When it comes to programing and UNIX, I know just enough to be really really dangerous.
I have written a python script to parse through a file that contains ~1 million lines. Depending on whether a certain string is matched, the line is copied into a particular file. For the sake of brevity, the lines are something like this:
I tried the python code out on a small file, and everything seems to work. However, since the actual file is a massive, I want to double check it with grep to make sure that the total number of ABC-1's in file x is the same number of ABC-1's in file y.

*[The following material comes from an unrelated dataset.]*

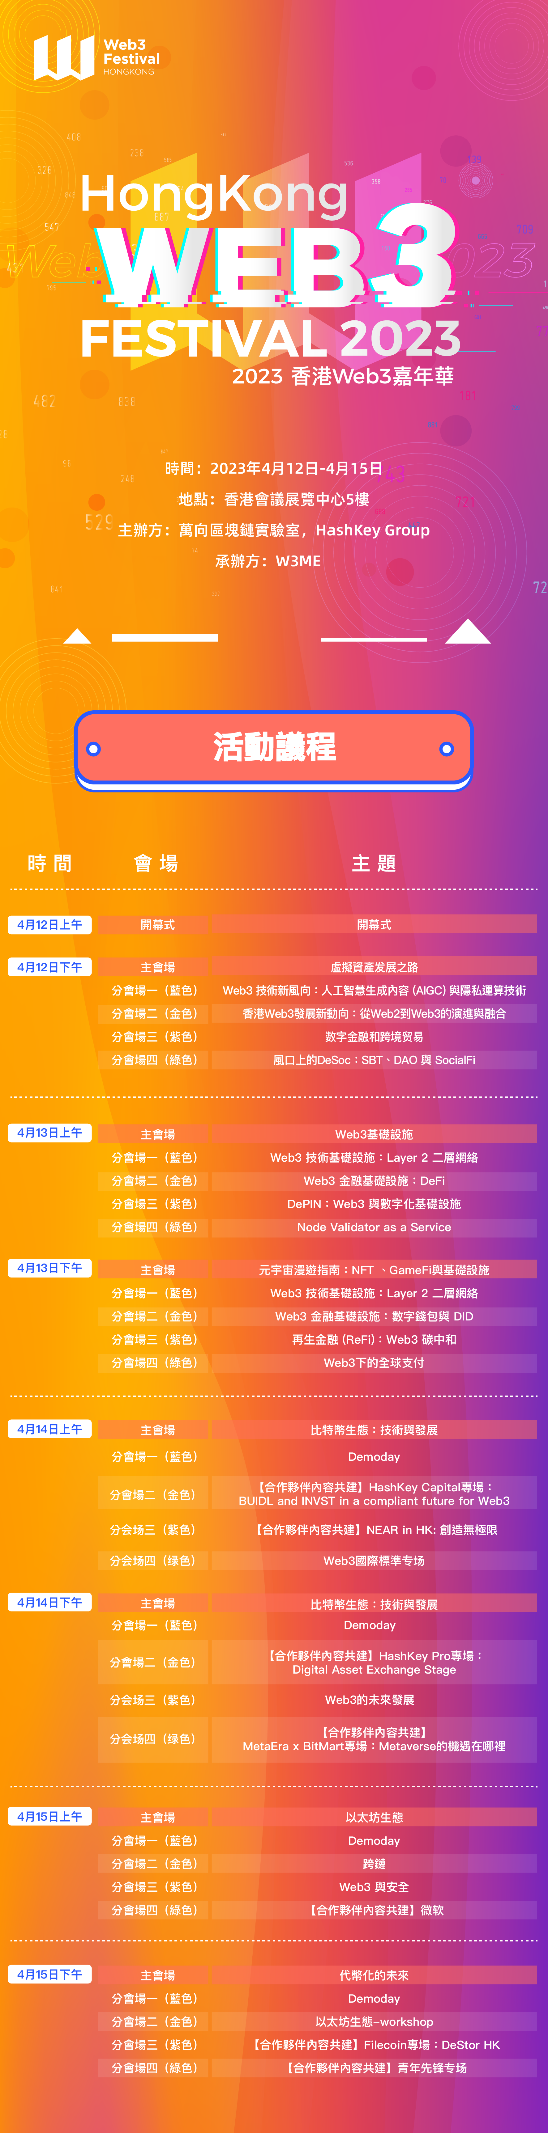 2023香港Web3嘉年华“DeFi”主题论坛将深入探讨DeFi2.0核心议题，大会常规票最后一天！

On the command line, I wrote a simple script that will check this for me.
grep "ABC-1" fileName.fna | wc -l
This seems to work just fine.
Problem: The contents of the original file are copied into 10 other files. I want check each file AND since there are ~50 unique strings (i.e. ABC-1), I would like to check for each string. Writing the simple script ~500 times is tedious.
I wrote a bash script but when I execute the file from the command line (
), I get an error saying wc is an illegal option and that it cannot be found.
#!/bin/bash
echo "ABC-1 in fileName.fna"
grep "ABC-1" fileName.fna | wc -l
echo "CCC-33 in fileName3.fna"
grep "CCC-33" fileName3.fna | wc -l
Ideally, I think I should make a vector/list/array of file names and a vector/list/array of searchable strings and use a loop that will print out the string, the filename, and the number of times the string occurs in the file...but I don't know how to do that.
So if anyone knows how to re-arrange my 1-liner script - thank you. If anyone can help me with writing a loop script - thank you. Either option would be awesome.